You are doing equivalence testing via two one-sided tests (that's where the TOST comes from). You haven't explained anything about your data so I'm going to use the TOSTER::wilcox_TOST example, which as luck would have it demonstrates this exact scenario.

The problem with hypothesis testing is that these are always conducted under the assumption that $H_0$ is true, and a low probability of observing a certain test statistic under this assumption is seen as evidence against it. When testing equivalence you're exactly trying to prove what is usually $H_0:\theta_1-\theta_2=0$ however, and a 'regular' hypothesis test doesn't allow you to infer that.

This is why such equivalence tests are actually conducted as two tests against some equivalence boundary $\Delta$ (because you can still only ever achieve some probabilistic limit and not exactly $0$), their hypotheses are:

$$ H_{0-}:\theta_1-\theta_2\le{-}\Delta\ \mathrm{vs.}\ H_{A-}:\theta_1-\theta_2>{-}\Delta $$ $$ H_{0+}:\theta_1-\theta_2\ge\Delta\ \mathrm{vs.}\ H_{A+}:\theta_1-\theta_2<\Delta $$

Rejection of both of the above nulls allows you to conclude that ${-}\Delta<\theta_1-\theta_2<\Delta$, establishing equivalence. If the test is conducted at $\alpha$ this is equivalent to the $1-2\alpha$ confidence interval of $\theta_1-\theta_2$ falling entirely within $]{-}\Delta,\ \Delta[$. See also here for a bit more details on why you don't need to correct this for multiplicity for example.

With that background established, let's dive into a data example from TOSTER that uses $\Delta=3$:

TOSTER::wilcox_TOST(mpg ~ am, data = mtcars, eqb = 3)
>            Test Statistic p.value
> NHST                 42.0   0.002
> TOST Lower           73.0   0.975
> TOST Upper           18.5 < 0.001

These results should match your scenario except that the lower/upper test results are swapped. But what does this mean?

1. The default null hypothesis that $\theta_1=\theta_2$ was rejected at $\alpha=0.05$. This does not matter, because they may very well not be exactly the same but still be equivalent up to that margin $\Delta=3$.
   Honestly, I don't know why TOSTER gives you this result.
2. We did not reject $H_{0-}$ above, so there is not much evidence to support that $\theta_1-\theta_2>{-}3$.
3. $H_{0+}$ was rejected, so there is support for $\theta_1-\theta_2<3$.

This being a Wilcoxon test there isn't really a single summary statistic of the 'stochastic exceedance' that it tests (unlike the t-test and the mean for example), but we can use the median as a first approximation:

with(mtcars, tapply(mpg, am, median))
>    0    1 
> 17.3 22.8 

Looks like a ballpark estimate of $\theta_1-\theta_2$ is on the order of $-5.5$, which matches with what our hypothesis tests were telling us above.

Edit: There is a better summary statistic and confidence interval for these tests in the pseudomedian (one sample) or Hodges-Lehmann shift estimator (difference of two samples).

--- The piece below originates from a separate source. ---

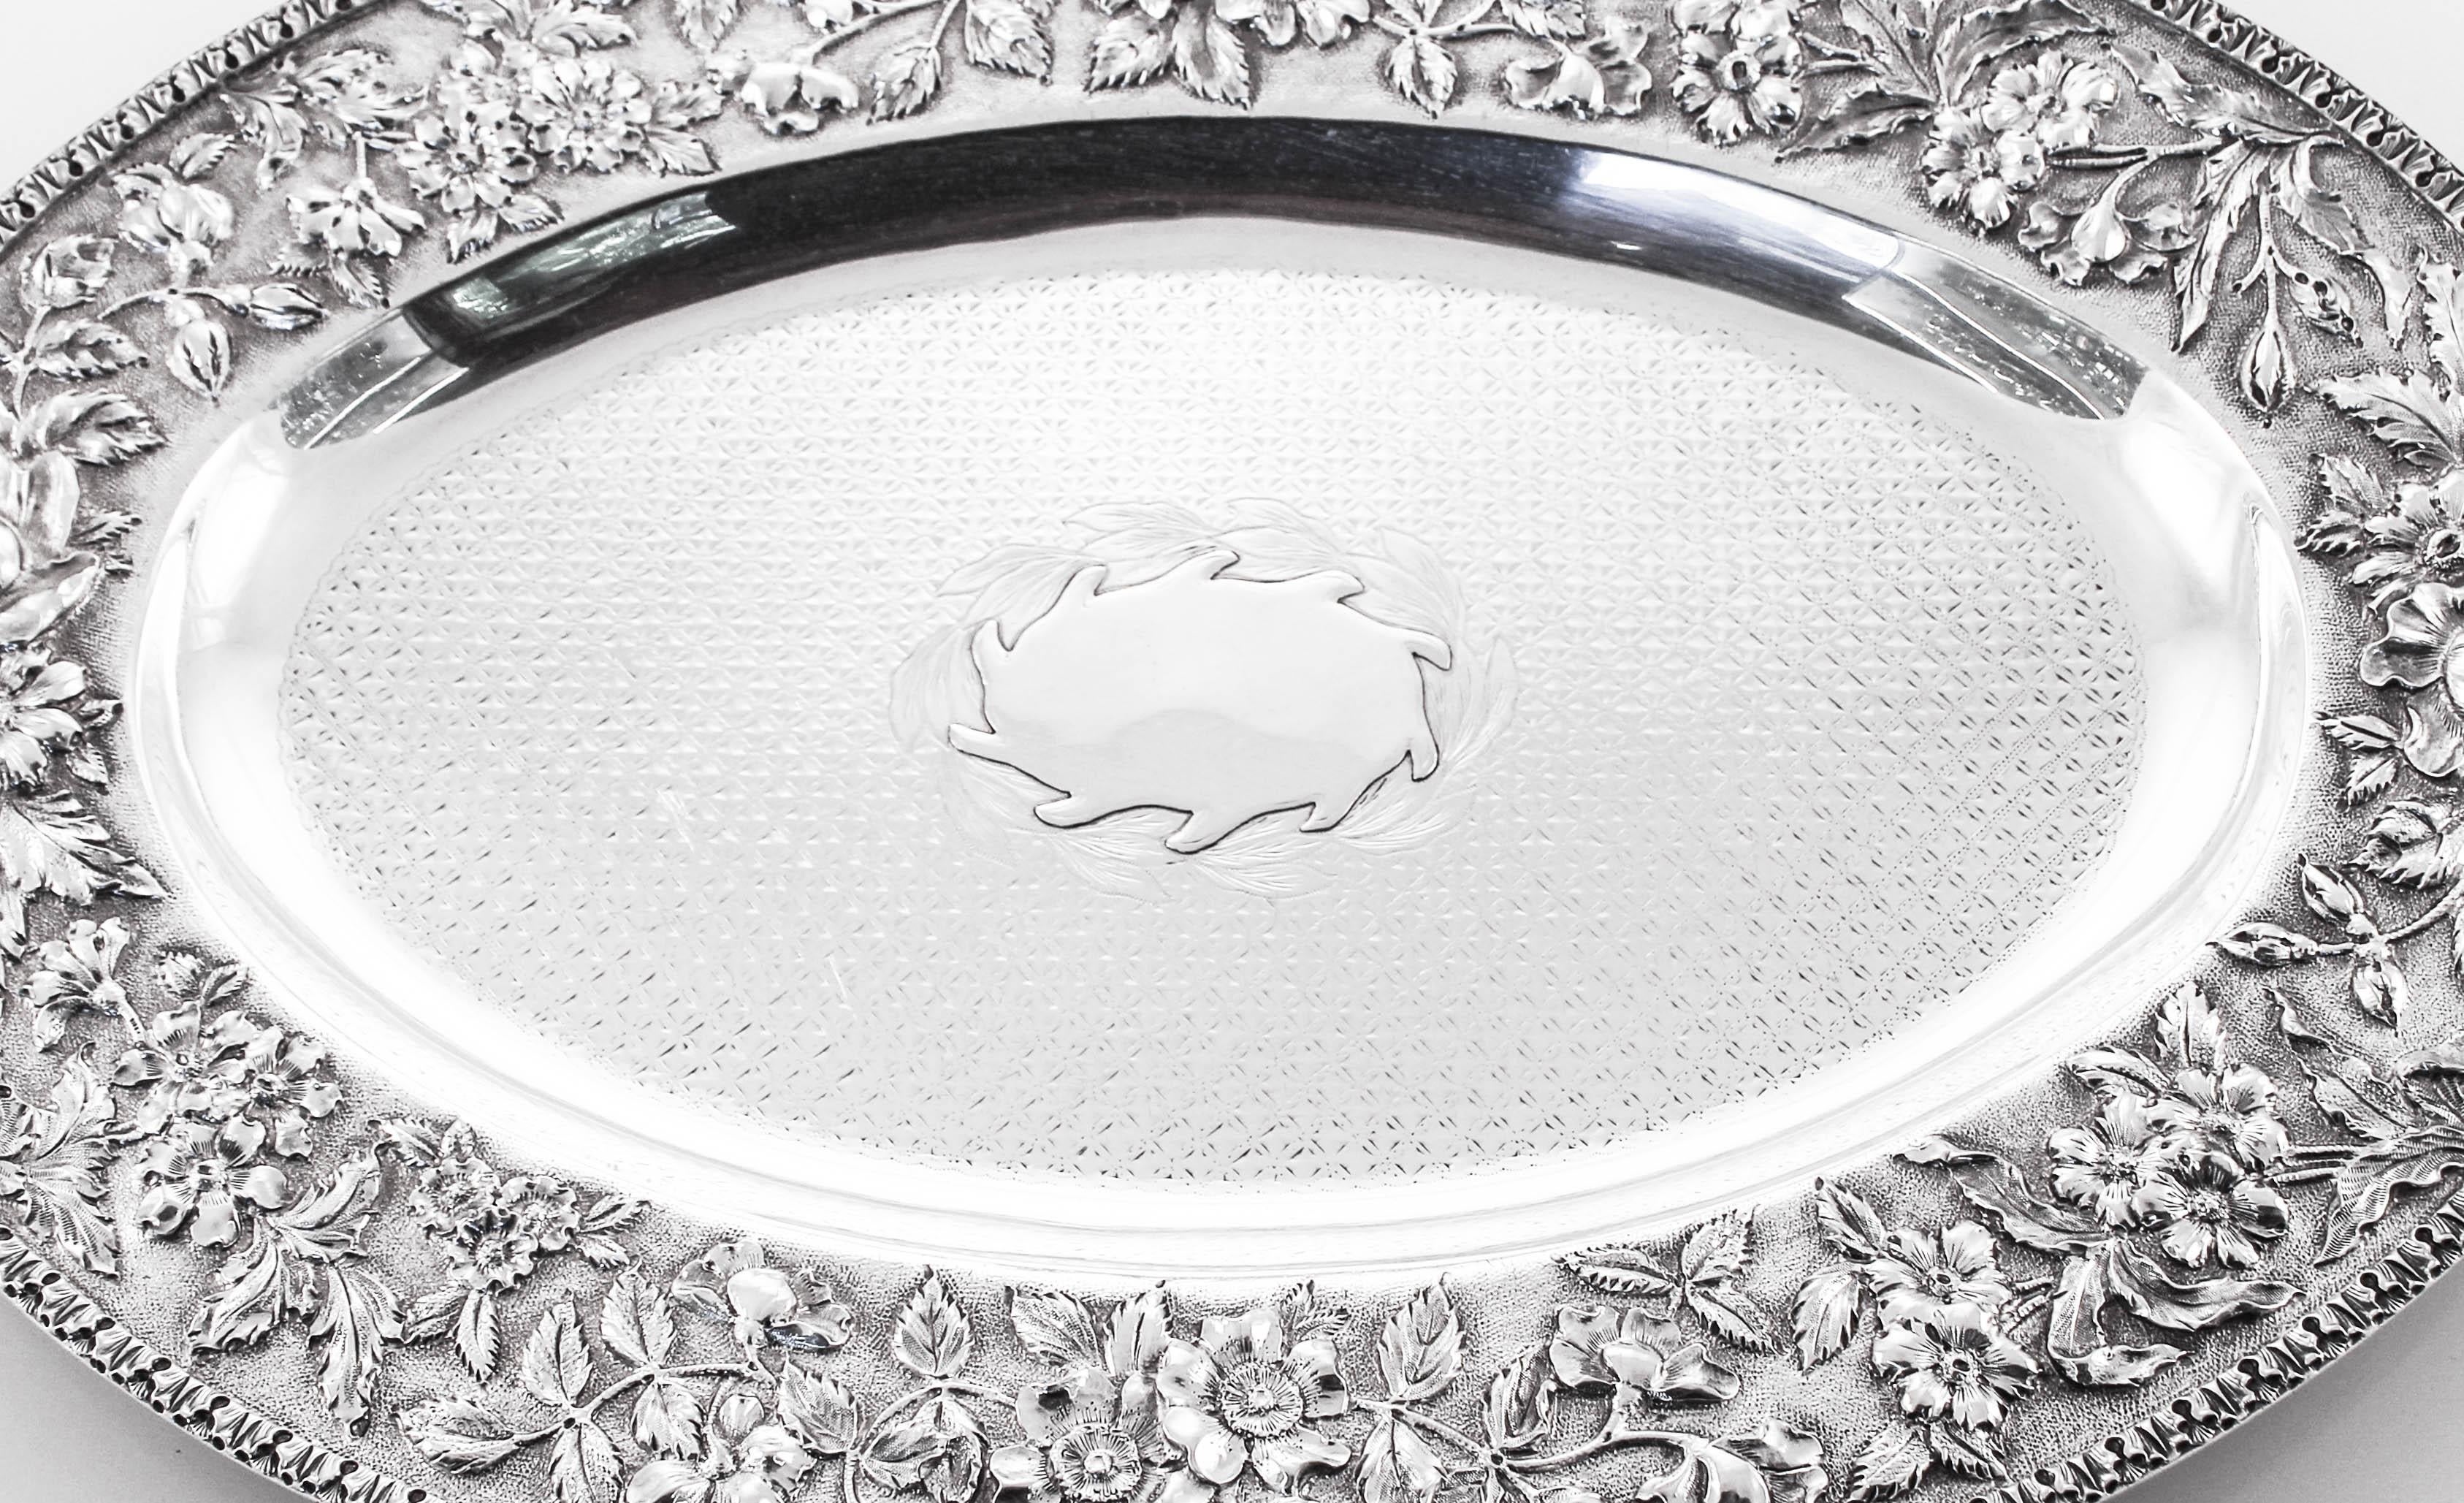 We are proud to offer this antique sterling silver platter by the renowned silver company, S. Kirk and Sons, Maryland. Kirk’s tradition for fine craftsmanship has brought many famous people to its shop. It is not surprising that when the White House

This is calculated by wilcox.test though will not be exact if there's ties or zeroes in your data. The exact HL shift in this case is $-6.8$.

Finally, you can very easily run these tests by calling the base R wilcox.test (or t.test, or..) directly:

## 'NHST'
wilcox.test(mpg ~ am, data=mtcars)
> W = 42, p-value = 0.001871
Lower
wilcox.test(mpg ~ am, data=mtcars, mu=-3, alternative="greater")
> W = 73, p-value = 0.9749
Upper
wilcox.test(mpg ~ am, data=mtcars, mu=3, alternative="less")
> W = 18.5, p-value = 3.013e-05

Addendum

I realise that I didn't answer the question 'but what if we don't reject $H_0$?'. This does not establish equivalence because of the reasons I mentioned in my second paragraph. It may very well mean that you haven't estimated $\theta_1-\theta_2$ with sufficient precision to say that it isn't zero, but that doesn't mean that it is.

Continuing my example, we were interested in demonstrating that manual & automatic transmission cars were within 3 miles per gallon of one another. If I tell you, yeah, the difference is somewhere between -40 and +30 mpg (including zero! P=0.87 under the null), is that good evidence that they are indeed equal? No, by doing this you could underpower your study and always end up with that result.